Proven Anne, Gabriel Sherine E, Orces Carlos, O'Fallon W Michael, Hunder Gene G
Mayo Clinic and Mayo Foundation, Rochester, Minnesota 55905, USA.
Arthritis Rheum. 2003 Oct 15;49(5):703-8. doi: 10.1002/art.11388.
To evaluate the course of glucocorticoid (GC) therapy and associated adverse events in a population-based cohort of patients with giant cell arteritis (GCA).
We identified 125 Olmsted County residents with GCA diagnosed between 1950 and 1991 and obtained followup information on the 120 patients who were diagnosed antemortem and agreed to participate in this study. Clinical variables, GC doses, and GC adverse events on each patient were recorded. The relationship between GC therapy and the development of adverse events was studied by the Cox and Anderson-Gill proportional hazards models.

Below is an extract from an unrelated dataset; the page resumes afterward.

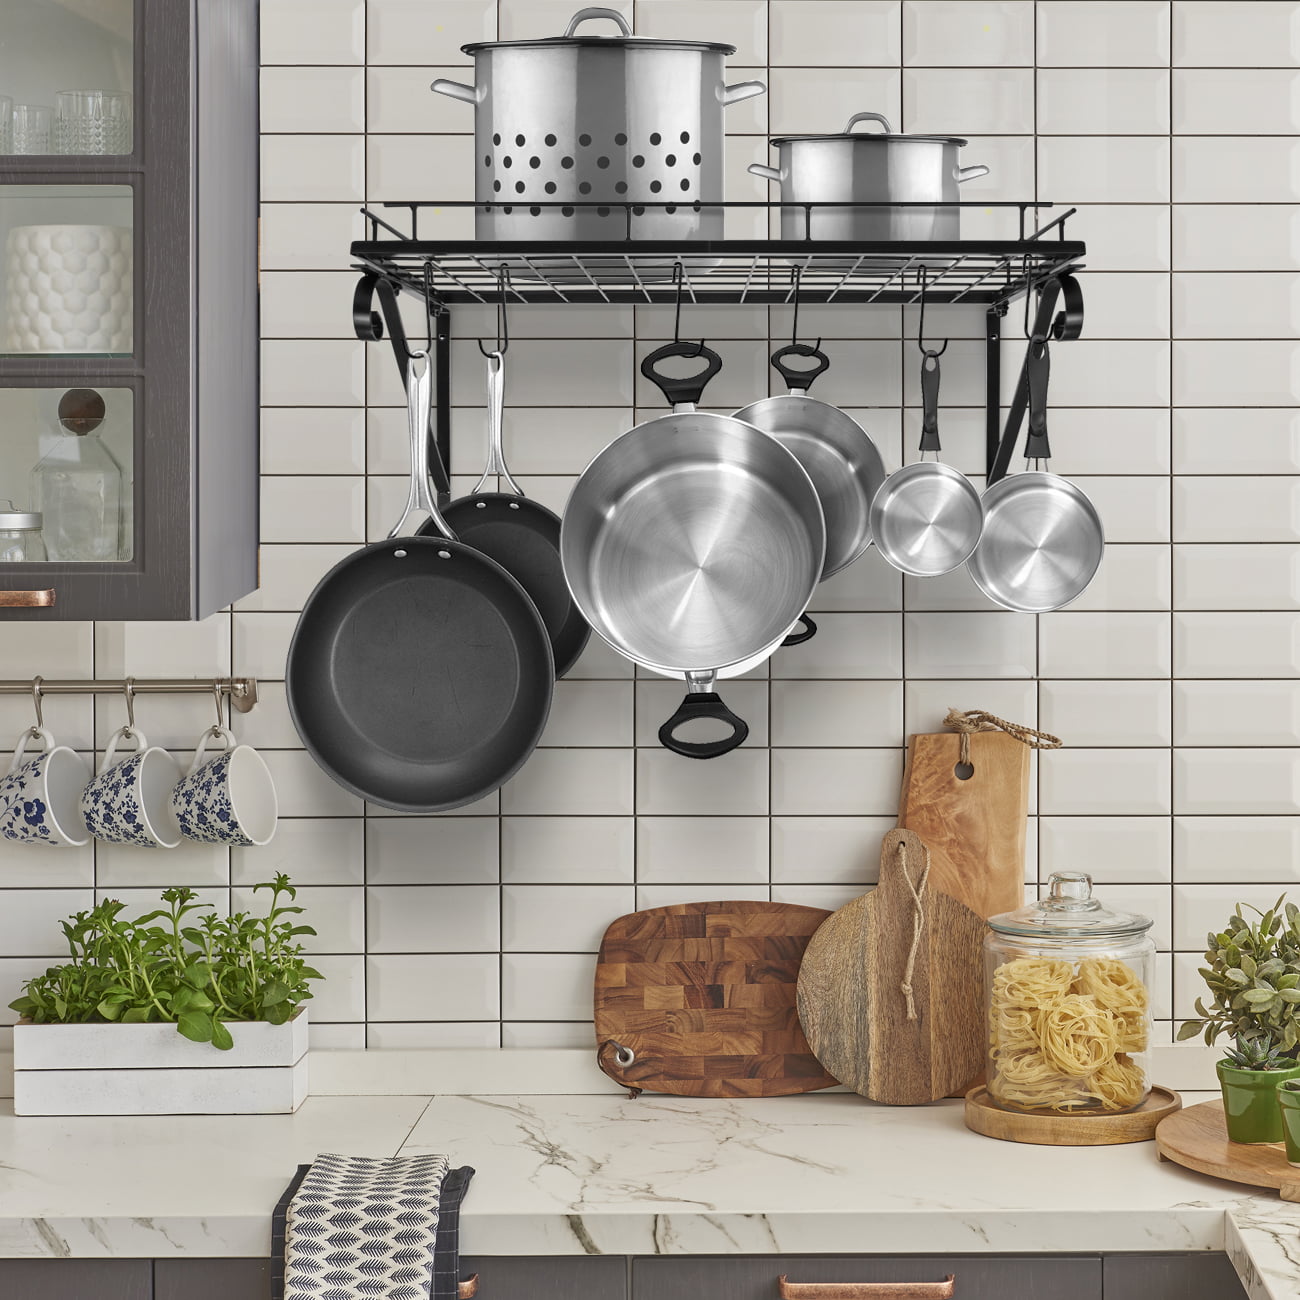 Viral Pots and Pans Set! #kitchenpans #kitchenpots #kitchenset

All patients were treated with GCs and responded rapidly (median initial dosage 60 mg prednisone/day). The dosage was later reduced according to the treating physicians' judgment. The median duration required to reach 7.5 mg/day was 6.5 months and the median duration required to reach 5 mg/day was 7.5 months. Relapses or recurrences occurred in 57 patients. For the 87 patients followed to discontinuation of GC therapy and permanent remission of GCA (median of 22 months), the total median dose of prednisone was 6.47 gm. Adverse events associated with GCs were recorded in 103 (86%) patients and 2 or more events occurred in 70 patients (58%). Age and higher cumulative dose of GCs were associated with the development of adverse GC side effects.
GCs are therapeutically effective in GCA and the prednisone dosage was reduced to physiologic levels in three-fourths of the patients within 1 year. However, most patients developed serious adverse side effects related to GCs, indicating that less toxic therapeutic measures are needed.
评估基于人群队列的巨细胞动脉炎(GCA)患者糖皮质激素(GC)治疗过程及相关不良事件。
我们确定了1950年至1991年间在奥尔姆斯特德县诊断为GCA的125名居民,并获取了120名生前诊断且同意参与本研究患者的随访信息。记录了每位患者的临床变量、GC剂量和GC不良事件。通过Cox和Anderson - Gill比例风险模型研究GC治疗与不良事件发生之间的关系。
所有患者均接受GC治疗且反应迅速(泼尼松初始剂量中位数为60mg/天)。随后根据治疗医生的判断减少剂量。达到7.5mg/天所需的中位时间为6.5个月,达到5mg/天所需的中位时间为7.5个月。57名患者出现复发。对于87名随访至GC治疗停药且GCA永久缓解的患者(中位时间为22个月),泼尼松的总中位剂量为6.47克。103名(86%)患者记录了与GC相关的不良事件,70名患者(58%)发生了2种或更多不良事件。年龄和GC累积剂量较高与GC不良反应的发生相关。
GC对GCA治疗有效,四分之三的患者在1年内泼尼松剂量降至生理水平。然而,大多数患者出现了与GC相关的严重不良副作用,表明需要毒性较小的治疗措施。